На его письменном столе появились еще и еще рассказы о маленьких и гибнущих человеках, со слабыми сердцами, при мысли о которых больно сжималась его душа. Федор Михайлович поставил цель — восстанавливать погибшего человека, защищать его от застоя и предрассудков, скопившихся в веках. Одному рассказу он дал название «Честный вор» и в нем заявил о некоем «павшем» человеке, который умер с тоски и от мук совести и доказал, что каков бы он ни был, а все же был человек и порок его вовсе не был рожден самой природой, а вышел наживным, от людей приобретенным, от жизни заполученным.

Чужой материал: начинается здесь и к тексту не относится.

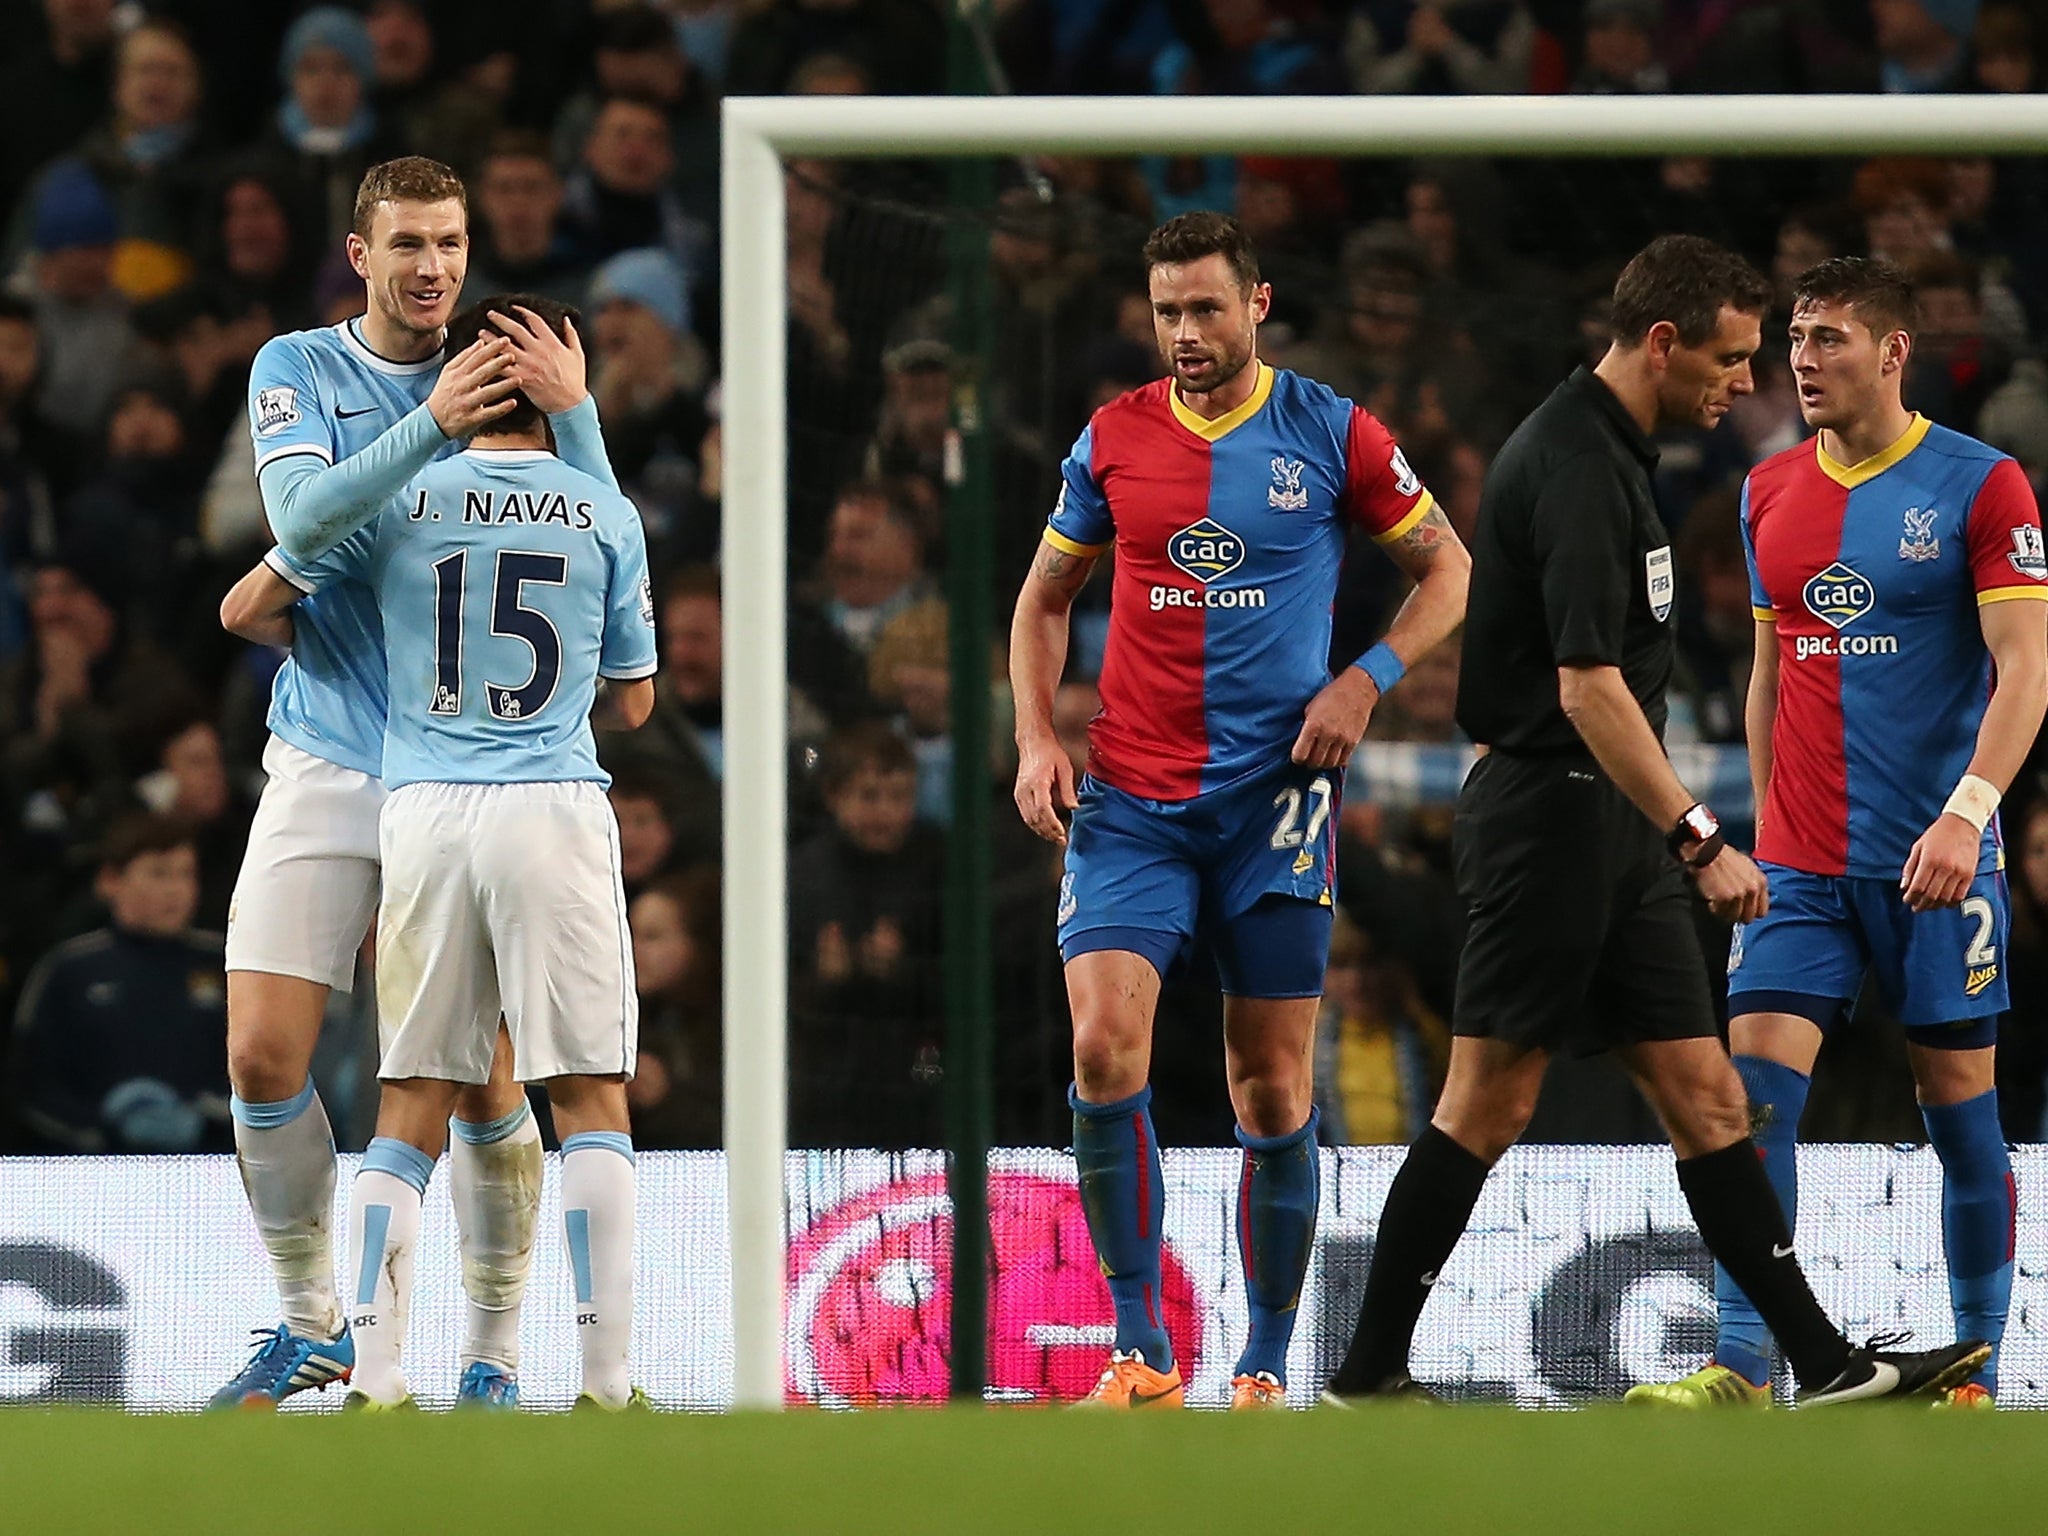 Edin Dzeko and Jesus Navas celebrate after the former scored the winning goal for Manchester City against Crystal Palace

Творя, Федор Михайлович все больше и больше вдавался в размышления и над самим собой, над своей собственной дорогой и всякими соблазнами в пути. Оттого-то он с трепетом и убегал в мир фантастики, чтобы там найти все не найденное наяву — в трущобах Петербурга. Держа перо над бумагой, он словно отрывался от мрачных углов собственной действительности и решал загадки своей судьбы (а в этих решениях было столько обманчивого и призрачного…), решал с пылкостью и горячностью, уверяя себя, что высокие порывы души — лучшее руководство и лучшая импровизация сочинителя. Стремясь показать мир окружавших его людей, он вместе с тем старался объяснить и самого себя. Это была неутолимая жажда, особенно вызванная тем, что в Петербурге он сейчас почувствовал себя как бы затерянным, смятым действиями непонятных ему людей. А все непостижимое поражало его фантазию и возмущало ум. Все тут не соответствовало его мечтаниям, исполненным тоски по «настоящему» человеку, который был бы или должен бы быть, по его фантастике, и добрым начальником, и добрым мужем и любовником, и добрым критиком и учителем, и прочее, без различия должностей и занятий.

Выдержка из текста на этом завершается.